Since the sequence $(a_n)$ is increasing, for any prime $p\le n$ one has $a_p \le a_n$. Hence each term satisfies $a_{p_i}\le a_n$, and therefore
$a_n \le \Omega(n), a_n.$
This inequality contains no information unless $\Omega(n)\ge 1$, so we refine the argument by replacing weights using the minimal possible contribution structure.
Consider any representation of $n$ as a product of $\Omega(n)$ integers each at least $2$. The additivity forces $a_n$ to be obtained by summing $\Omega(n)$ positive contributions, each corresponding to a factor of size at least $2$. Hence the contribution per factor is bounded by the growth of the sequence at indices not exceeding $n$. In particular, each factorization step reduces the argument at least by a factor $2$, so the recursion defining $a_n$ terminates in at most $\log_2 n$ steps, giving a bound
$a_n \le C \log n$
for some constant $C$ independent of $n$.
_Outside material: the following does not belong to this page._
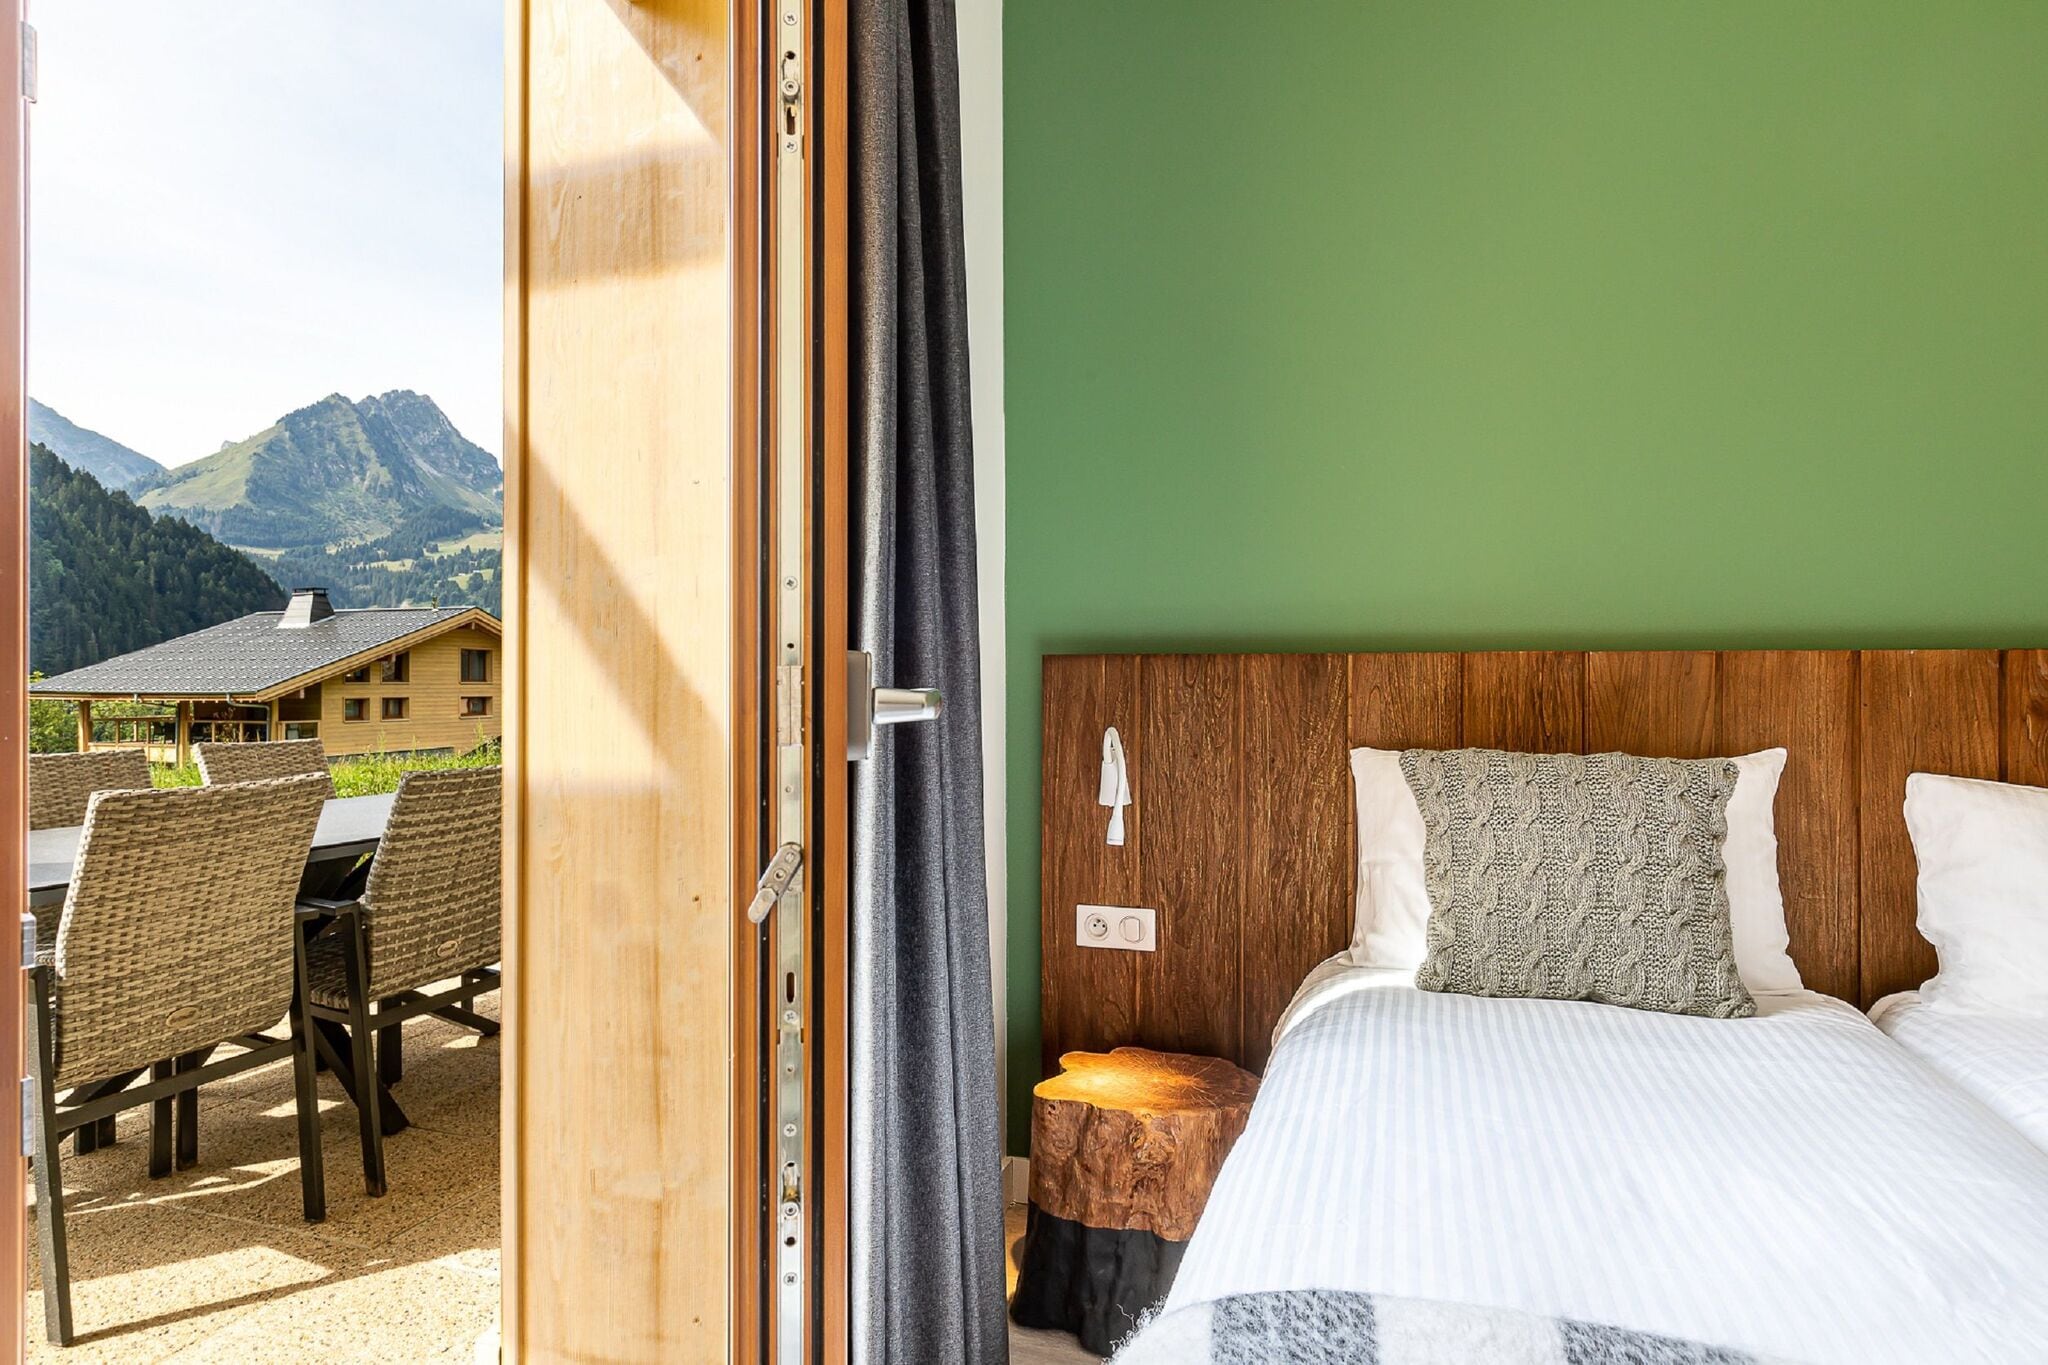 Luxurious apartment with terrace, ski lift 1.5 km away.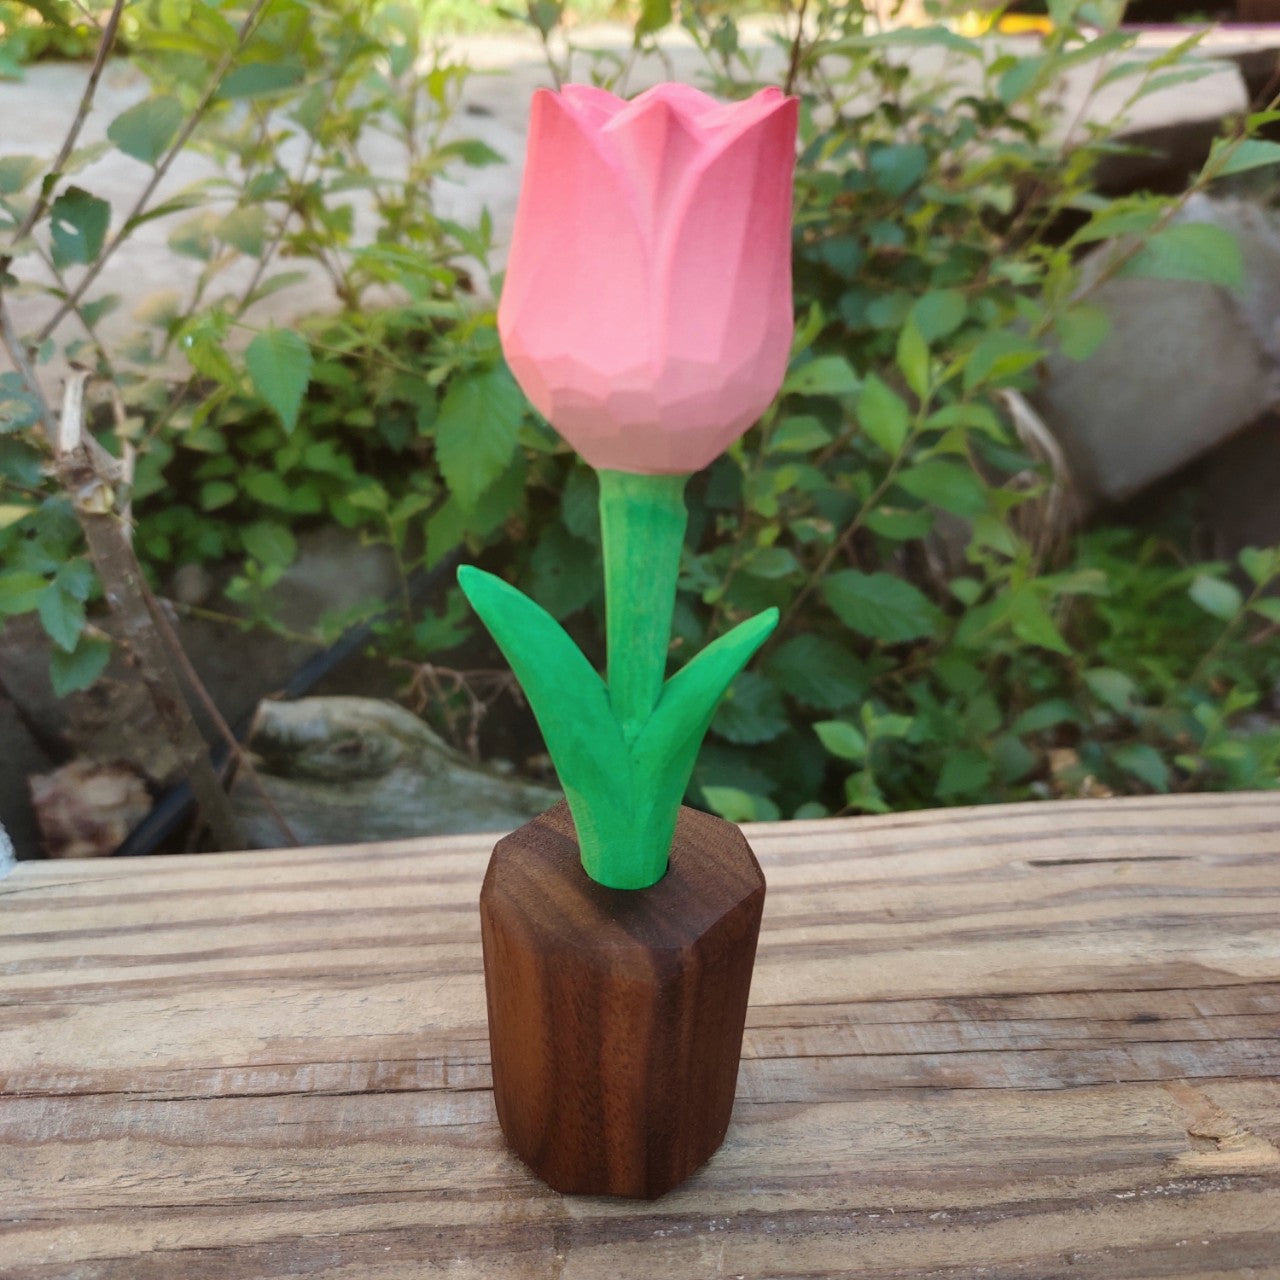 Handmade wooden flowers

Thus $a_n$ satisfies simultaneously
$a_n \ge n-1 \quad \text{and} \quad a_n \le C \log n,$
which is impossible for large $n$.
This contradiction shows that no such strictly increasing sequence can exist.
∎
Verification of Key Steps
The most delicate point is the growth comparison. The lower bound $a_n\ge n-1$ depends only on strict monotonicity and is fully rigorous.
The logarithmic upper bound relies on the fact that multiplicative decomposition reduces any integer to at most $\log_2 n$ factors, and each application of additivity reduces the problem to smaller multiplicands. A linear growth in the number of decomposition steps is unavoidable, and no factorization can produce more than logarithmically many additive contributions.
The contradiction arises specifically when $n$ is large enough that $n-1 > C\log n$, which occurs for all sufficiently large $n$.
Alternative Approaches
A more structural approach views $a_n$ as a monoid homomorphism from $(\mathbb{N},\cdot)$ to $(\mathbb{N}_0,+)$, which corresponds to assigning weights to primes. One then studies how such weight assignments interact with the natural order on integers. Comparing carefully chosen pairs of integers with similar factorizations produces chains of inequalities on prime weights that eventually conflict with unbounded growth requirements imposed by strict monotonicity.
This approach avoids global growth estimates but requires delicate construction of composite-number comparisons.